Data

Here we show how to use MLatom to deal with data. There are three major data types in MLatom: molecules, databases of molecules, and MD trajectories, which are shown below (figure from MLatom 3 paper under CC-BY license):

Overview of different data types in MLatom.

Before running examples below in Python/Jupyter notebook, you need to add and run the line import mlatom as ml as usual.

Molecules

Molecule is a central concept in MLatom as most of operations are usually done on molecule class objects. This objects store the information about the constituents atom objects, their coordinates, and any property we want to learn or calculate. Molecules can be loaded and dumped in various formats.

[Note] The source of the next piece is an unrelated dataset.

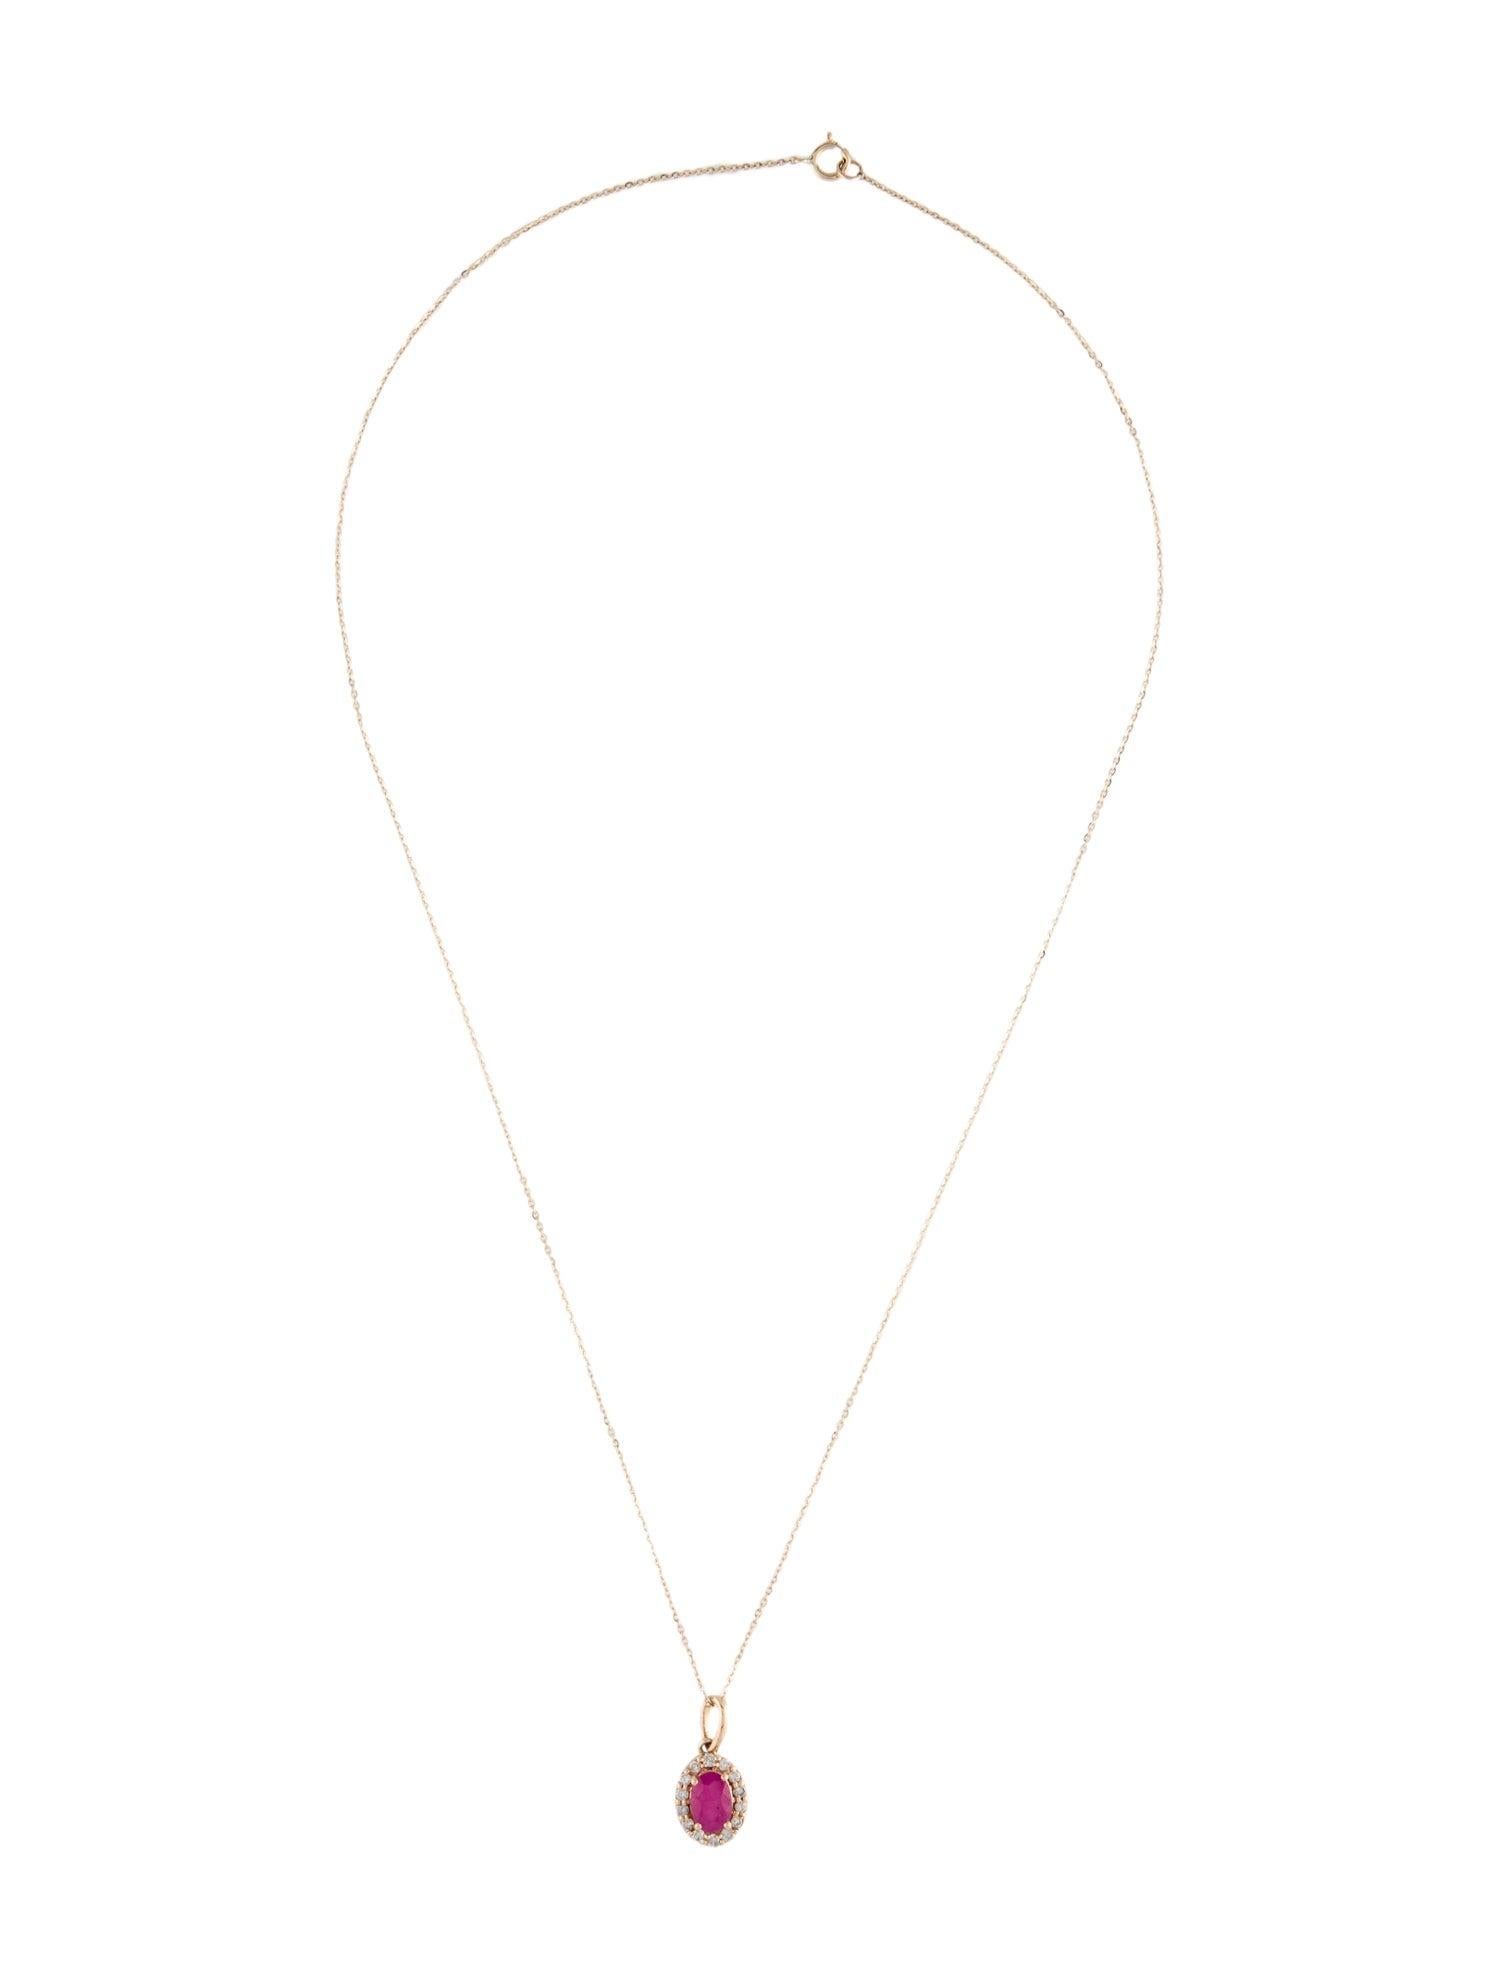 Women's 14K Ruby & Diamond Pendant Necklace - Stunning Gemstone Statement Piece For Sale

Creating and loading molecule

A molecule object can be created from scratch. A very explicit way (not used in practice!) relecting how the molecule is actually constructed is the following:

mol = ml.molecule()
atom1 = ml.data.atom(atomic_number=1, xyz_coordinates=[0.0, 0.0, 0.0])
mol.atoms.append(atom1)
...

In practice, you can create the molecule using many useful functions. E.g., you can load it from SMILES string and the geometry will be generated and optimized with Pybel’s make3D() method:

mol = ml.molecule()
mol.read_from_smiles_string('CCCCCCC')
print(mol.xyz_coordinates)
...

In above example, you can see how to access the XYZ coordinates stored in a molecule object.

Very common way is to load the geometry from XYZ coordinates. There are several ways to do it. You can either provide XYZ coordinates as a string, read them from file or from numpy array:

mol = ml.molecule()
mol.read_from_xyz_string('''2

H 0 0 0
H 0 0 0.74
''')
# or
mol.read_from_xyz_file('h2.xyz')
# or
import numpy as np
xyz = np.array([[0, 0, 0], [0, 0, 0.7]])
mol.read_from_numpy(coordinates=xyz, species=np.array([1, 1]))
...

A small nuance is that if you remove read_ from above methods, you can directly get the molecule object, i.e., compare:

mol = ml.molecule()
mol.read_from_xyz_file('h2.xyz')
# or
mol = ml.molecule.from_xyz_file('h2.xyz')

# also works:
mol = ml.molecule.from_smiles_string('CCCCCCC')
mol = ml.molecule.from_numpy(coordinates=xyz, species=np.array([1, 1]))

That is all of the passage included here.